The New York Times reported that there were 13 fires in the Mission between the years of 1910 and 1912 alone. While flammability was a regular feature of New York apartment buildings at the time, other reasons may well have put the Mission at risk. In 1912, a succession of three fires in three weeks, all of which were in closets and discovered by the same 10-year-old boy, led to his being banned from the annual summer trip to Bradley Beach. Six-year-old Joe De Rocca set fire to his bed in 1911 after lighting a match to look for “hidden pennies.” (Joe protested that this was not true.) Fires sometimes create unexpected heroes. They can also reveal unexpected arsonists. The Howard Mission had both. When 14-year-old Jennie Castrelli discovered a fire in a clothes closet on the upper floor, she didn’t want to scare the younger children, so she told the superintendent Susan Oliffe that there was rain coming through the roof. While the superintendent was dealing with the blaze, Jennie led the 13 other children out of the building. Two years later, in February of 1913, Katherine Weiler, 13, and Anne Schafer, 14, ended up in Children’s Court, where they admitted to a judge that they had set several small fires and used the distraction to steal $50, which they spent on candy and other items.

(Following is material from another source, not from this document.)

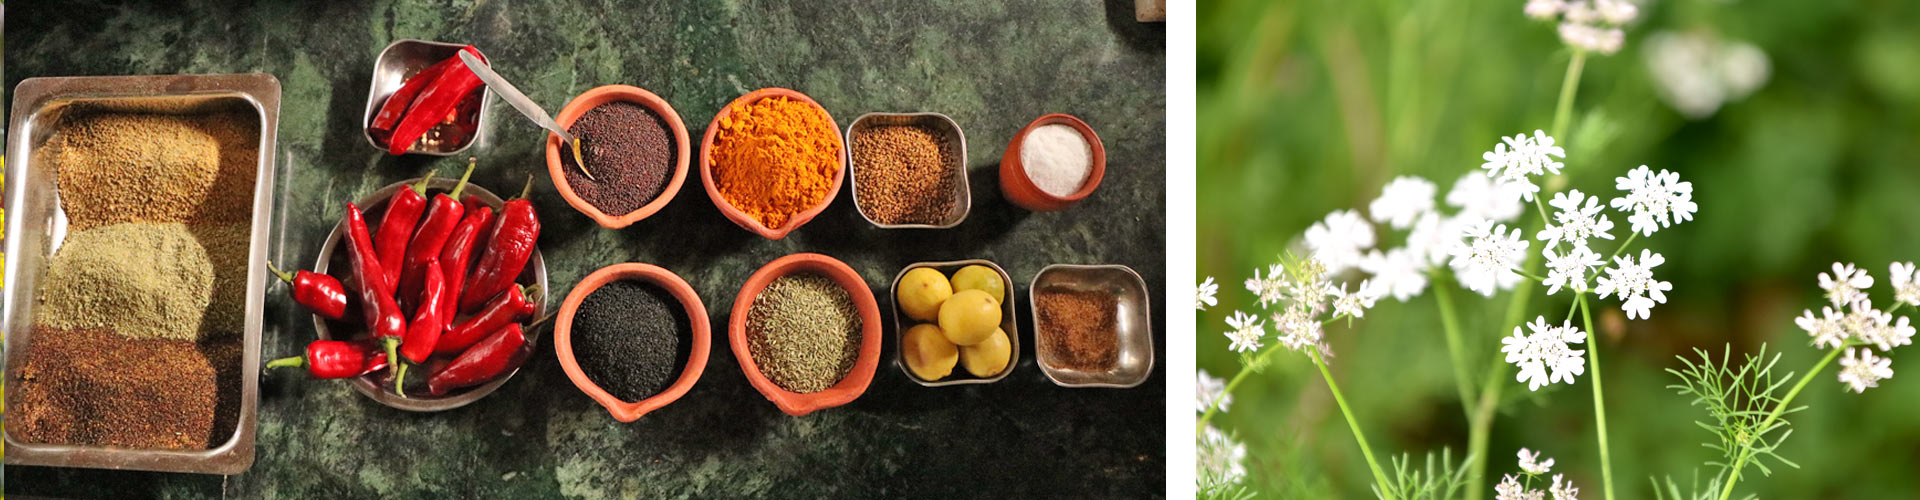 Masala - Spices, Navdanya Organics

Gradually, the demographics of the Howard Mission began to change. Beginning in 1925, in the prelude to the widespread economic hardship of the Great Depression, more and more of the children accepted were US-born. This trend would remain until the Mission sold the home in 1944. At that point, it underwent substantial renovations and a conversion of its rooms into apartments. It went through multiple owners and housed many tenants, reflecting in each incarnation the neighborhood around it. Most notably, in 1981 the building housed the first iteration of Patti Astor’s FUN gallery for graffiti art, pre-empting the explosion of the East Village art scene. A Home For Little Wanderers, and the Occasional Arsonist
Today, 225 East 11th is an apartment building that also houses the law office of Askold Lozynskj, an attorney and former president of the Ukranian Free Congress. There’s no plaque indicating its history, nothing to commemorate the children who ran up and down its staircases. It’s not the type of space in which the past does much to inform its present. Yet outside its walls, a new generation of little wanderers are traipsing to school, enduring long commutes on the subway and spending their nights in shelters. At one lower East Side public school, nearly half the students are homeless. The Mission at 225 East 11th Street was an institution that came and went with a specific era. But the poverty and social ills it tried to eliminate still exist, maybe not on East 11th Street, but not too far away.